UNC researchers will split the participants into two groups to assess how patients deal with this genetic information — some of which will be incidental — and whether they want information about findings, such as their APoE status, which can indicate risk of Alzheimer's disease.
This particular study will focus on individuals who have cancer at young ages, those with a strong family history of cancer, and children with developmental disorders.
"It's really about trying to figure out how does this technology fit, and contribute to, medical care," Evans said.
"Everybody is excited about this new technology, and I think it is probably going to do great things, but nobody has yet figured out what really is the niche that it will fill," he added. "What is the role? Who should we sequence? How can we deal with the results in a practical, clinical way?
"I compare it to the old adage that 'when you have a hammer, everything looks like a nail.' We have this hammer of next-generation sequencing. What we're trying to do is find out what are the right nails for that," said Evans.

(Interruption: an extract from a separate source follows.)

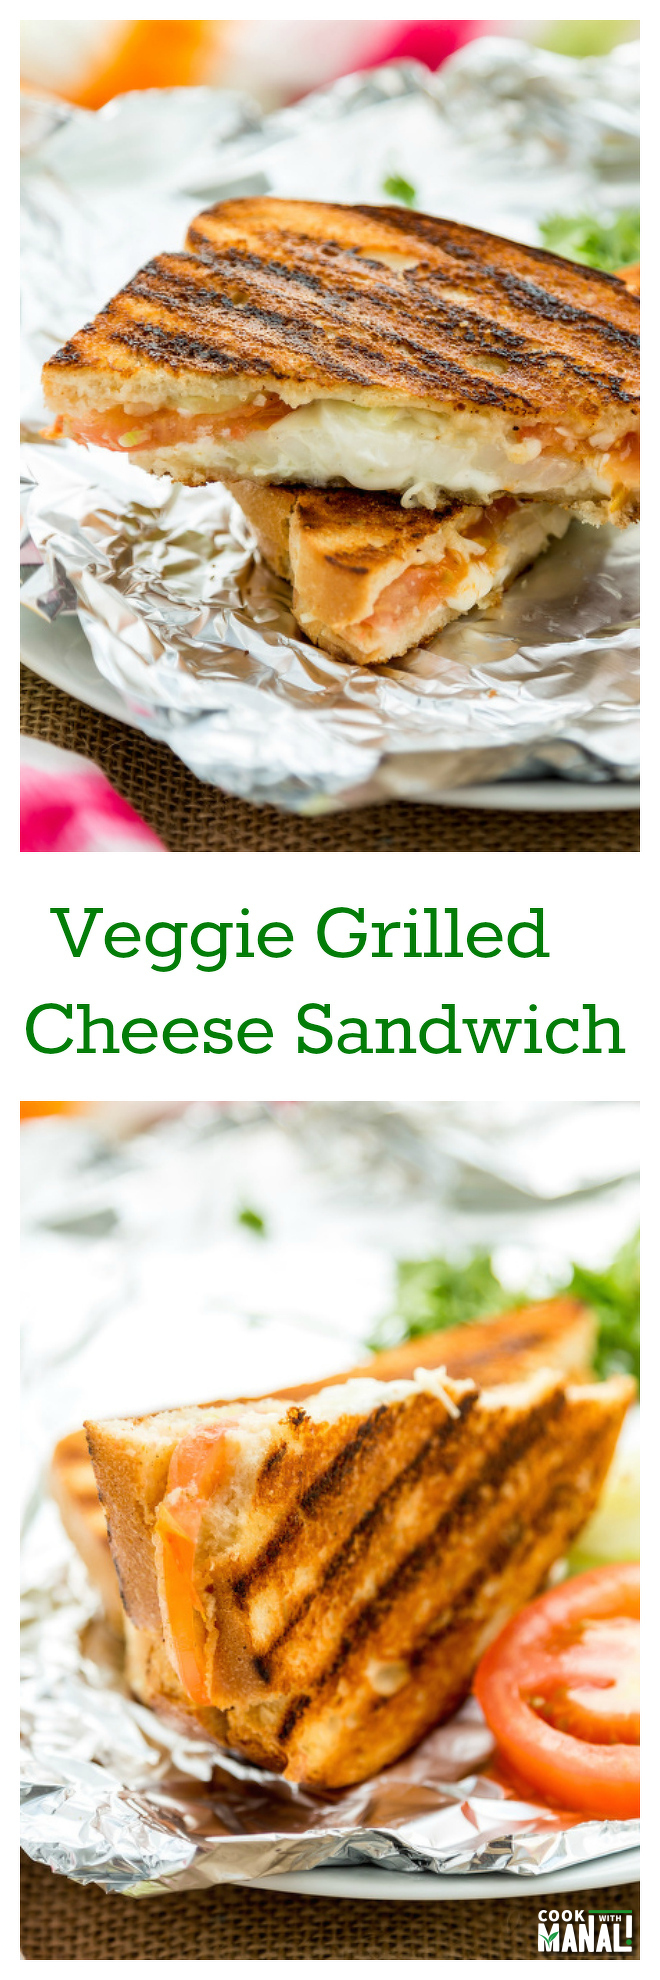 Veggie Grilled Cheese Sandwich Collage

Researchers at UW, led by Gail Jarvik, professor of medicine and head of the Division of Medical Genetics, will study people diagnosed with colon cancer. They will use genome and exome sequencing data alongside research into ethical, legal, and social questions to find commonalities among the patients that can be applied generally to the medical, personal, family, and social issues raised by clinical genomic sequencing.
Meanwhile, scientists at the Children's Hospital of Philadelphia will conduct three studies of patients with disorders that cannot be easily diagnosed or have single-gene associations. These will include a clinical sequencing component, as well as sequencing and analysis studies, and a project that will use genetic counselors and focus groups to interview and survey parents, children, and healthcare providers about the impact and outcomes of the genetic studies.
At Baylor College of Medicine, researchers will enroll patients and parents to study the clinical impact of genetic sequencing results, will generate high-quality exome tumor data, and will pursue questions about potential ethical and social impacts of sequencing, including studies of how oncologists and patients discuss complex genomic data and its application to clinical care.
Brigham and Women's Hospital scientists will develop an informatics pipeline for interpreting patients' genetic variants and will enroll 200 patients and their doctors. Some of these patients will receive standard care, while others will receive standard care along with whole genome sequencing.
"One of the most controversial issues the study team will face is whether to look for and whether to report 'incidental' genetic findings or mutations that suggest previously unsuspected genetic predisposition to cancer," explained Robert Green, a researcher at BWH's Division of Genetics, in a statement. "Reporting too many incidental results could generate unnecessary and costly medical tests, while reporting too few could deprive patients and doctors of valuable risk information."